Any advice on second year housing contract?

(6 Posts)
dauntlesscrusader Sun 30-Jul-17 17:53:09

I know I've seen variations on this question before, but does anyone have any advice on how to deal with the horrors of the private housing contract? DD will be sharing a house with 3 others. The contract says that if any one pulls out or fails to pay the rent, the others are responsible for covering.

I don't mind guaranteeing my own child's payment, but I don't want to be on the hook for anyone else's offspring. Is there any way of insisting on a different contract? Do they even exist? If four contracts are being issued -- as I believe they are -- shouldn't each individual be responsible for either paying their own rent or finding a replacement?


We haven't yet finalised the guarantors' contract, but DD does need someplace to live.

For the housemates, we know that one is totally reliable; the second also seems to be; the third decided last month not to return so they have filled the spot with someone none of them know.

All thoughts very welcome.

OP’s posts: |
LIZS Sun 30-Jul-17 17:57:53

Each will be jointly and severally liable, pretty standard terms for sharers. It just means they need to find a substitute or pay up.

Allthebestnamesareused Sun 30-Jul-17 18:05:17

Depending on which area the house is in definitely go for one that doesn't need a parental guarantee.

Once I pointed out that each parent would be in for (worst case scenario) £27,000 and therefore I would not sign up another parent declined too. The students all then sourced another house that did not require a guarantee.

Yes my DS would have remained jointly and severally liable but at least we didn't too!

Kez100 Tue 01-Aug-17 19:23:20

Our DD signed for her room only and that was common in her university town (thank goodness!)

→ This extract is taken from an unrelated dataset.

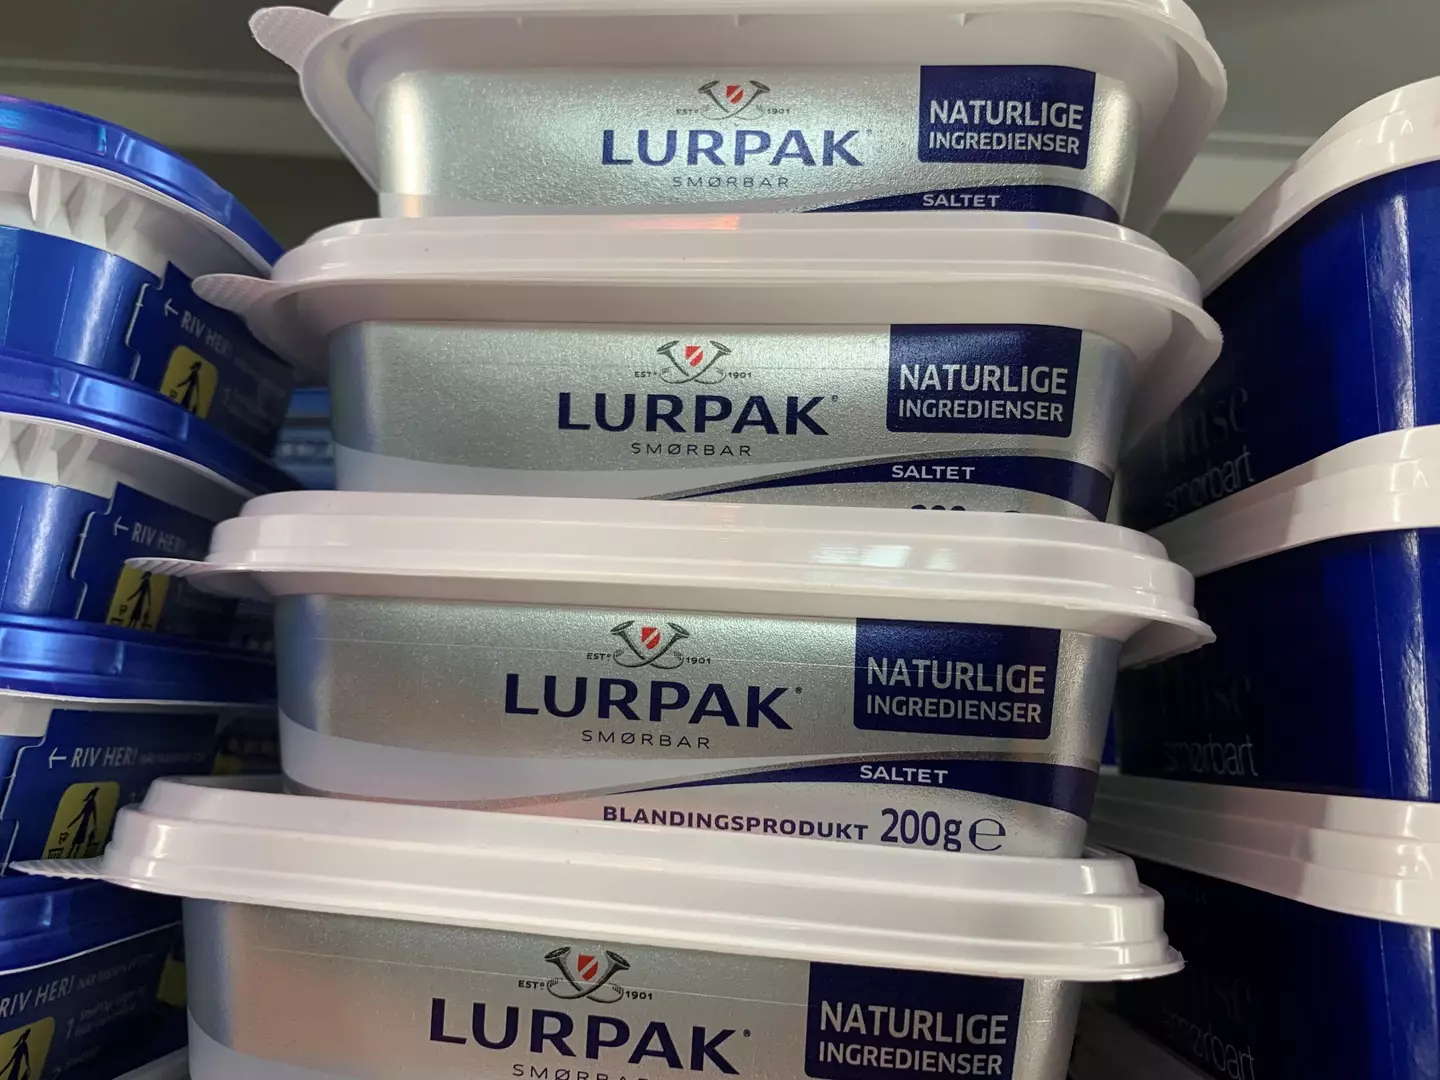 The Danish butter brand has hit what appears to be an all-time high price.

Over the two years, two of the four did get behind with their rent, finally sorting it at the end of tenancy but I reckon they could gave easily fallen out over it and we could have been hassled for payment as we would have been an easier touch than the girls themselves.

I'd avoid signing a contract like that at all costs but I guess some uni towns require it.

dauntlesscrusader Thu 03-Aug-17 22:19:39

Thanks LIZS, Allthebest and Kez.
It seems that this contract is pretty standard for where she is, sadly. It's a lovely house, and definitely not a market where the students have much bargaining power, so I'll just have to hope that she has chosen her housemates wisely!

OP’s posts: |
Needmoresleep Fri 04-Aug-17 10:12:56

An alternative, used a lot in London and with overseas students, is to pay six month tranches in advance.

I assume the problem is that a landlord cannot get insurance unless they have guarantors who will pass referencing.

Another tip might be to pick flat mates whose ambitions mean they will be keen to avoid a CCJ or a poor credit record. These are so easy to check and a poor record impacts on a lot of things so it is not worth any student defaulting on a rental contract.